What is comperative genomics and what is the general motivation behind it?

Answer 1

The study of the relationship of genome structure and function across different biological species or strains.

It is done by studying evolution.

Motivation:
Transfer knowledge from and to simpler model organisms

Question 2

What is sanger sequencing?

Answer 2

Chain termination method: Marked dideoxynucleotides that will stop the strand synthesis

1977 first sequenced DNA genome of a Phage (small viral genomes that only encode 4-10 genes)
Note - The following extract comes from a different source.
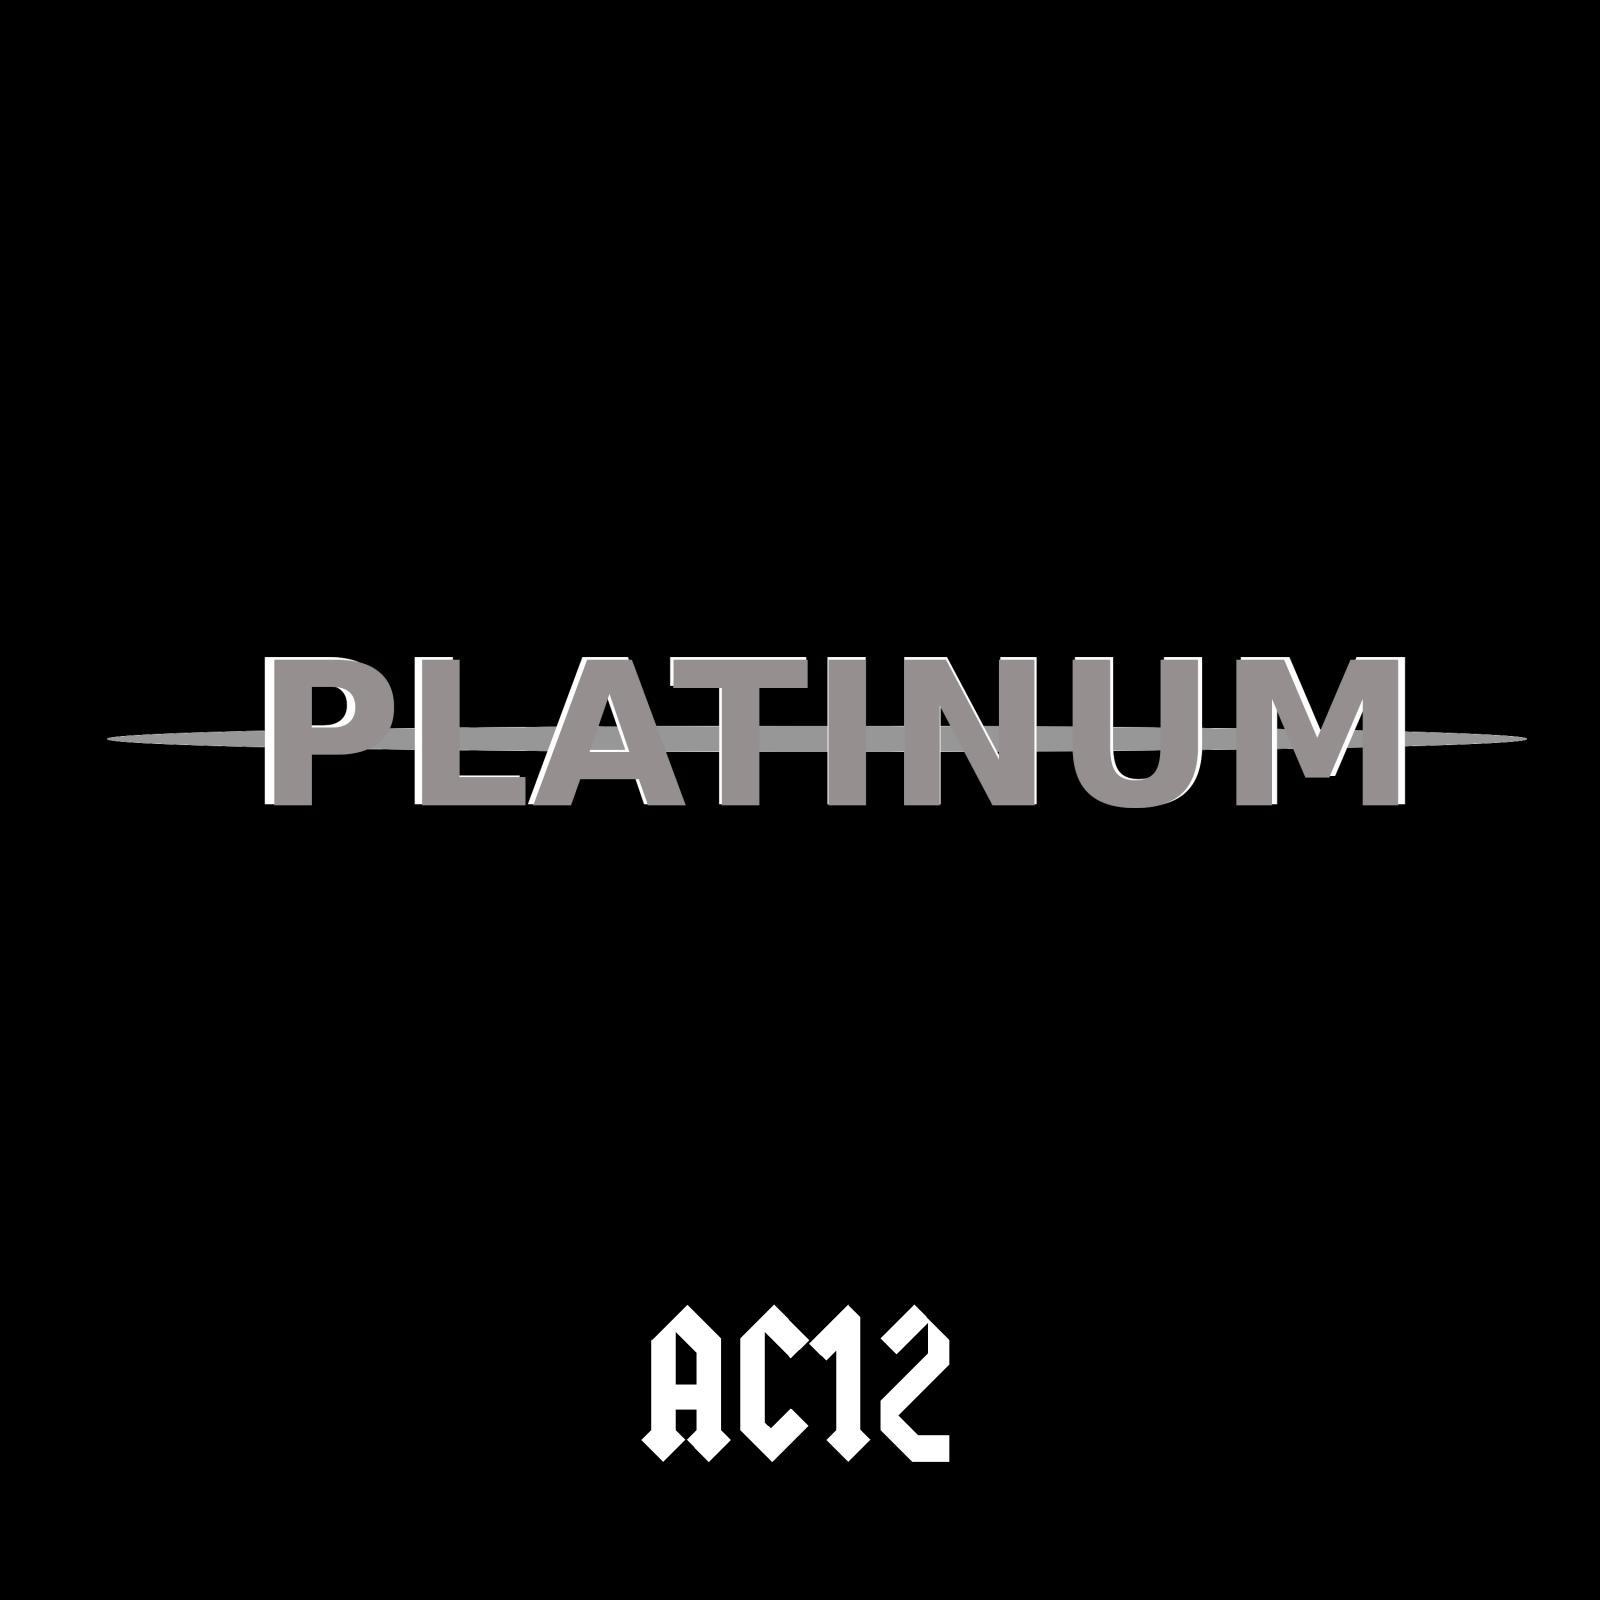 Upcoming: AC12 - Platinum

• capillary-based, semi-automated
• bottleneck: DNA fragments need to be cloned and amplified in bacteria
• simultaneous electrophoresis in 96 or 384 independent capillaries

→ sets limits to parallelization

Question 3

What is next generation sequencing (NGS)?

Answer 3

aka deep-sequencing, high-throughput sequencing

• 500 Mb – 600 Gb / sequencing run possible
• major genome centers: 1’000 sequences per second
• → trick: massively parallel cyclic-array sequencing

Question 4

What are global advantages and disadvantages of NGS relative to Sanger?

Answer 4

Global advantages:

• in vitro construction of sequencing library
• in vitro clonal amplification
• array-based sequencing → much higher degree of parallelism
  (hundreds of millions of sequencing reads)
• array features are immobilized → can be enzymatically manipulated by a single reagent volume
• lower costs for DNA sequencing (10 - 250 times cheaper)

Disadvantages:

• short read-length (30 – 350 bp)
• accuracy at least 10-fold lower than by Sanger sequencing

Question 5

What is 3rd generation sequencing?

Answer 5

Single-molecule-sequencing without need to pause between read steps

Goals:

• higher throughput
• faster turnaround time (sequencing metazoan genomes in minutes)
• longer read lengths
• higher accuracy
• small amount of starting material (theoretically one molecule needed)
• low cost (< 100 $ for one human genome !!)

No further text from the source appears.